6-2. Solution: Outbox Pattern
The Outbox Pattern stores events in an outbox table within the DB transaction, and a separate process delivers them to the message broker.
1. Business logic + outbox INSERT = single DB transaction (atomicity guaranteed)
2. Separate process (CDC/Poller) reads outbox table and publishes to Kafka
3. After successful publish, mark outbox record as completed
-- Outbox table schema
CREATE TABLE outbox (
id UUID PRIMARY KEY,
aggregate_type VARCHAR(255) NOT NULL,
aggregate_id UUID NOT NULL,
event_type VARCHAR(255) NOT NULL,
payload JSONB NOT NULL,
created_at TIMESTAMPTZ NOT NULL DEFAULT NOW(),
published_at TIMESTAMPTZ,
status VARCHAR(20) DEFAULT 'PENDING'
);
CREATE INDEX idx_outbox_pending ON outbox (status, created_at)
WHERE status = 'PENDING';
// === Outbox Pattern Implementation ===
@Service
@RequiredArgsConstructor
public class OrderService {
private final OrderRepository orderRepository;
private final OutboxRepository outboxRepository;
@Transactional // Guaranteed by single transaction
public UUID createOrder(CreateOrderCommand command) {
// 1. Execute business logic
Order order = Order.create(command);
orderRepository.save(order);
// 2. Save event to outbox in same transaction
OutboxMessage message = OutboxMessage.builder()
.aggregateType("Order")
.aggregateId(order.getId())
.eventType("OrderCreated")
.payload(objectMapper.writeValueAsString(
new OrderCreatedEvent(order.getId(), order.getTotalAmount())
))
.build();
outboxRepository.save(message);
return order.getId();
// When transaction commits, both order and outbox are saved together
}
}
6-3. CDC (Debezium) Approach
Debezium monitors the DB transaction log (WAL) to capture changes and deliver them to Kafka.
{
"name": "outbox-connector",
"config": {
"connector.class": "io.debezium.connector.postgresql.PostgresConnector",
"database.hostname": "postgres",
"database.port": "5432",
"database.user": "debezium",
"database.password": "dbz_password",
"database.dbname": "orderdb",
"database.server.name": "order-service",
"table.include.list": "public.outbox",
"transforms": "outbox",
"transforms.outbox.type": "io.debezium.transforms.outbox.EventRouter",
"transforms.outbox.table.field.event.id": "id",
"transforms.outbox.table.field.event.key": "aggregate_id",
"transforms.outbox.table.field.event.type": "event_type",
"transforms.outbox.table.field.event.payload": "payload",
"transforms.outbox.route.by.field": "aggregate_type",
"transforms.outbox.route.topic.replacement": "events.order"
}
}
6-4. Polling vs CDC Comparison
| Criteria | Polling | CDC (Debezium) |
|---|---|---|
| Latency | Depends on polling interval (seconds-minutes) | Near real-time (ms) |
| DB load | Periodic queries cause load | Minimal (reads WAL) |
| Implementation complexity | Low (scheduler + query) | High (Debezium infrastructure) |
| Order guarantee | Outbox table order | WAL order preserved |
| Operational overhead | Low | Kafka Connect cluster needed |
| Scalability | Single poller bottleneck | Highly scalable |
7. Idempotency Patterns
In distributed systems, messages are delivered at-least-once. Network failures, broker restarts, consumer redeployments cause duplicate delivery. Idempotency guarantees that processing the same message multiple times produces the same result as processing it once.

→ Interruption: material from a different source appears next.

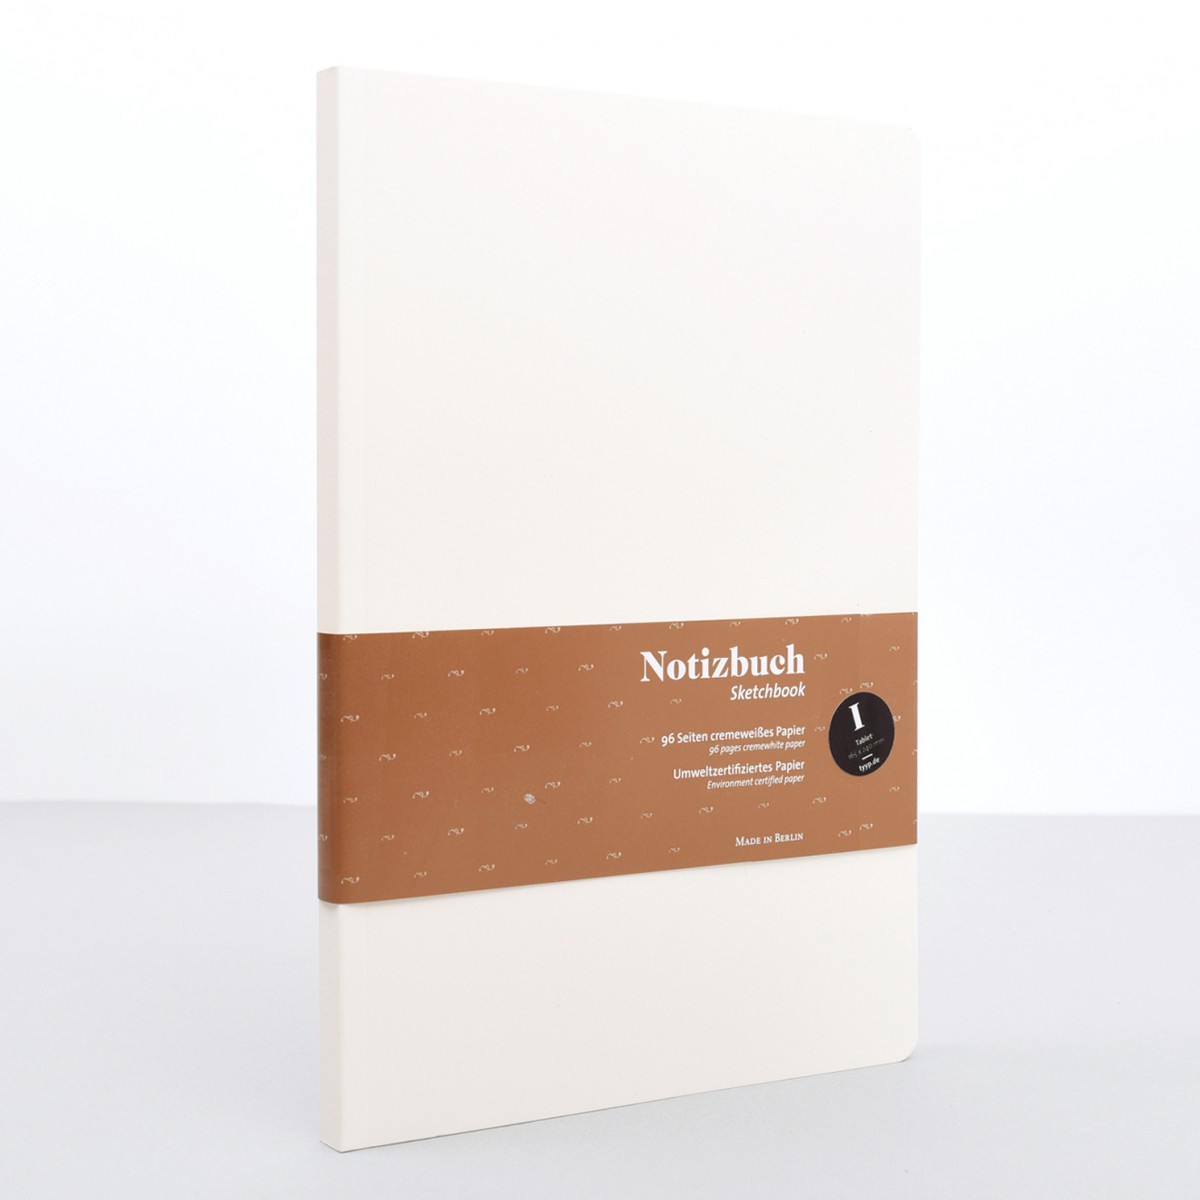 Notizbuch i Softcover - Tablet
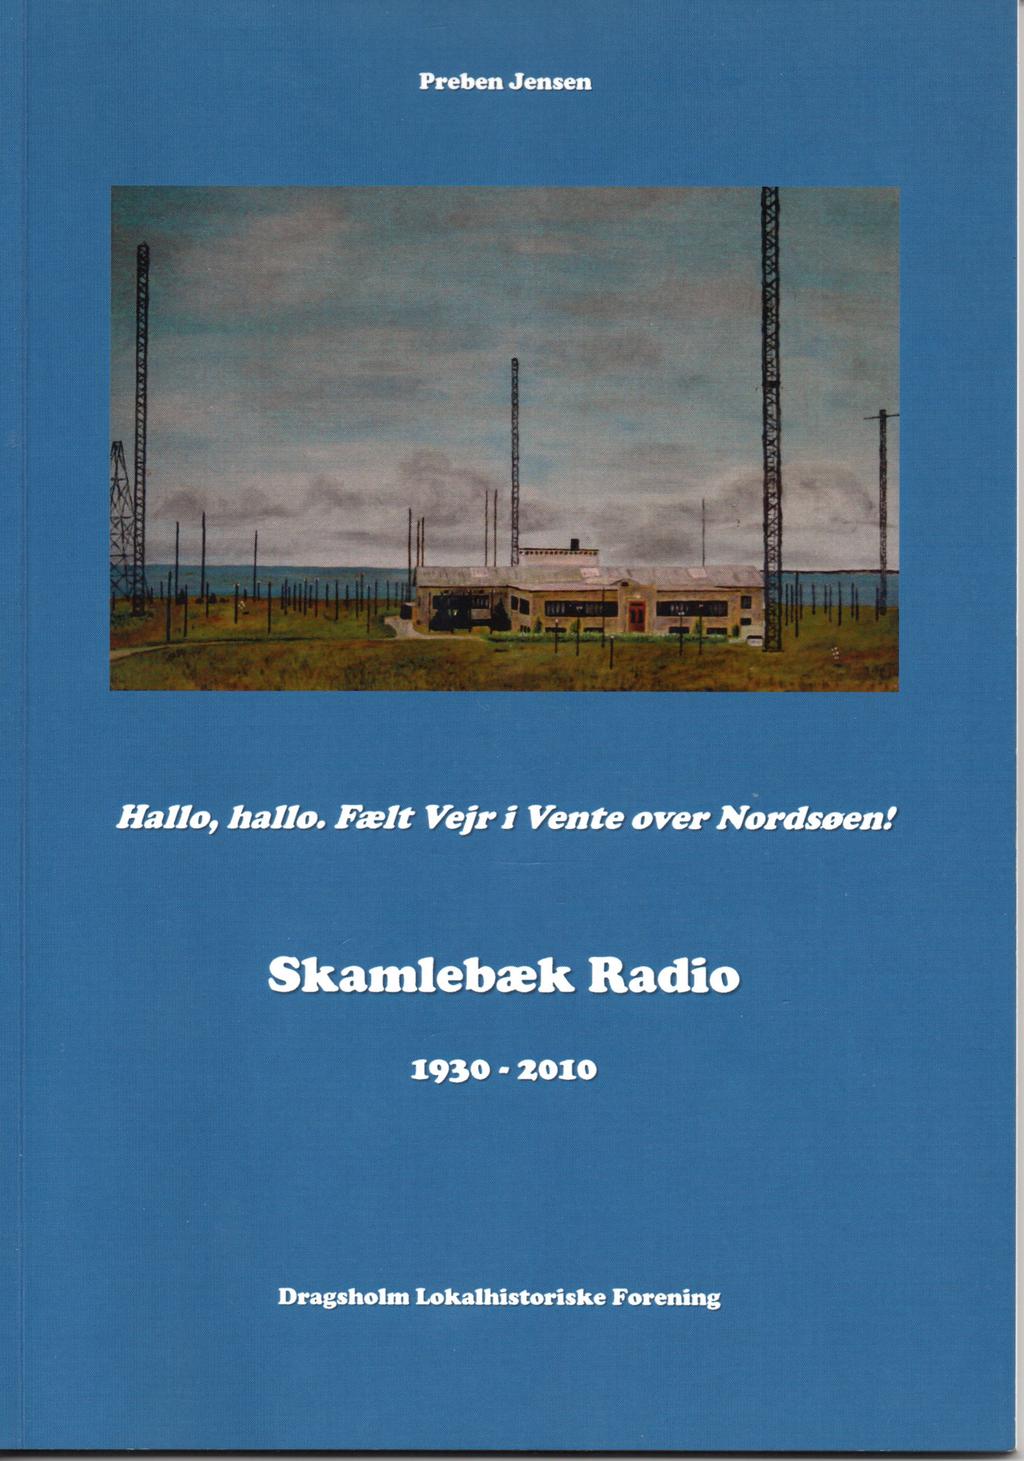 Preben var ansat ved Skamlebæk Radio fra 1966 til 1992, fra 1980 til 1992 var han endog leder af Radiostationen. Efterfølgende havde Preben flere lederjob hos P&T indtil pensioneringen i 2004.

7-1. Producer Idempotency (Kafka)
# Kafka Producer configuration
spring.kafka.producer.properties.enable.idempotence=true
spring.kafka.producer.properties.acks=all
spring.kafka.producer.properties.max.in.flight.requests.per.connection=5
spring.kafka.producer.properties.retries=2147483647
Kafka's idempotent producer assigns sequence numbers to each message, enabling the broker to detect duplicates.
7-2. Consumer Idempotency
// === Idempotent Consumer Implementation ===
@Component
@RequiredArgsConstructor
public class IdempotentOrderEventHandler {
private final ProcessedEventRepository processedEventRepository;
private final OrderProjectionRepository orderProjectionRepository;
@KafkaListener(topics = "order-events", groupId = "order-projection")
@Transactional
public void handleOrderEvent(
@Payload OrderEvent event,
@Header(KafkaHeaders.RECEIVED_KEY) String key,
@Header("eventId") String eventId) {
// 1. Check if event already processed
if (processedEventRepository.existsById(eventId)) {
log.info("Ignoring duplicate event: eventId={}", eventId);
return;
}
// 2. Process business logic
processEvent(event);
// 3. Record as processed (same transaction)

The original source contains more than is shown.